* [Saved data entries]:
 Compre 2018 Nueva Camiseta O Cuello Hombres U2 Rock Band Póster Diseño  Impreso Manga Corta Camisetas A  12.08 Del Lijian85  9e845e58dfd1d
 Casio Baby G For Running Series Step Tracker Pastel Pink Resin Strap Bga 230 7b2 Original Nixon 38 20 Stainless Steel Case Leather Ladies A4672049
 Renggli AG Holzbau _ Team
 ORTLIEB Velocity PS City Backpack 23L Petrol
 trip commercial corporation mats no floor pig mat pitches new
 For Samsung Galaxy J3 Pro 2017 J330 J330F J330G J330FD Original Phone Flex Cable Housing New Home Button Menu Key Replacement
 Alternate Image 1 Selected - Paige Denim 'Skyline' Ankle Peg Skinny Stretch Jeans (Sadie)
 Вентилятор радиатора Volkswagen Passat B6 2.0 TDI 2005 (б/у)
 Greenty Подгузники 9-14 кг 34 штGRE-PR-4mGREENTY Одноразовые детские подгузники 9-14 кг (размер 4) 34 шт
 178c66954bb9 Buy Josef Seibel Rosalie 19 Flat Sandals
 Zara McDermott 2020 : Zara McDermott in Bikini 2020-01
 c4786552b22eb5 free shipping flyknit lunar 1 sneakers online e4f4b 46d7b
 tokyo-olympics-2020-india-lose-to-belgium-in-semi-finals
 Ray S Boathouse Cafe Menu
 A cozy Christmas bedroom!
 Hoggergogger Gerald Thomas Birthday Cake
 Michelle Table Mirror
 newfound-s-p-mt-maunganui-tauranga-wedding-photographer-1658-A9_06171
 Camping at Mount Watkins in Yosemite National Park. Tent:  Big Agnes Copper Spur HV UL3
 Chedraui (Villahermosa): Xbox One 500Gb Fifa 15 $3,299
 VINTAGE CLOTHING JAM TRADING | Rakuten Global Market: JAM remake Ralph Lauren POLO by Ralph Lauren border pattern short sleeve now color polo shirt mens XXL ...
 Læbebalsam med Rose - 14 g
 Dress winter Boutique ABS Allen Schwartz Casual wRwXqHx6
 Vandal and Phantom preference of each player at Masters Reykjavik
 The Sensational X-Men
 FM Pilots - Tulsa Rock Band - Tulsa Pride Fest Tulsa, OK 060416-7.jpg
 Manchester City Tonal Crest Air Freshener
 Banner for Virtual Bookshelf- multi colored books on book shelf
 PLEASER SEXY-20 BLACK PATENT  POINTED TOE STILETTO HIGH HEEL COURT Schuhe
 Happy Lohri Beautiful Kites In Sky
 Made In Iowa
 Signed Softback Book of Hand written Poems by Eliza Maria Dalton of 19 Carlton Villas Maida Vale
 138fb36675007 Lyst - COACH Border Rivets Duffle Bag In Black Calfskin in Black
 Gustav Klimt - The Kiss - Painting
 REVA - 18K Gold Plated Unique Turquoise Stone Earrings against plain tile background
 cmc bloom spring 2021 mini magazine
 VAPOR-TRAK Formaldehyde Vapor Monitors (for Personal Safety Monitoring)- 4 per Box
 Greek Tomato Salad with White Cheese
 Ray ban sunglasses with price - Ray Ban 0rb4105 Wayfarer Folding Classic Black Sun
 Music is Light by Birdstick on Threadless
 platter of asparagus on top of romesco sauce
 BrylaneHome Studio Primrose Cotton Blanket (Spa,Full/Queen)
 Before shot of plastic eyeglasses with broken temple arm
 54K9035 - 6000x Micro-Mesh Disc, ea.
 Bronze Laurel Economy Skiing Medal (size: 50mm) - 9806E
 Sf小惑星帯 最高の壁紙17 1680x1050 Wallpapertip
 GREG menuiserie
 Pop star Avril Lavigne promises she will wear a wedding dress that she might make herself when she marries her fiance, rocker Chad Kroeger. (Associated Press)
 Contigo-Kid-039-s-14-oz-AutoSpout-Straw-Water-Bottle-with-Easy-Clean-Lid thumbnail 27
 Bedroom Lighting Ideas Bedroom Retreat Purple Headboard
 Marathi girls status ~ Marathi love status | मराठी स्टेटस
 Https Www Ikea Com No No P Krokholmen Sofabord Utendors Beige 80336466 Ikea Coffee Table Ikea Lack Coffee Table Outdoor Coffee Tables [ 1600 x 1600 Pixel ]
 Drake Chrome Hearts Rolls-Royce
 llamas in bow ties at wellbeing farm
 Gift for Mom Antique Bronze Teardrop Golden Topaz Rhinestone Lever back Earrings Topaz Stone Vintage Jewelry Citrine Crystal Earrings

* [Brief]:
A single number is the answer here: how many lines above carry the string "City"?

* [Task output]:
2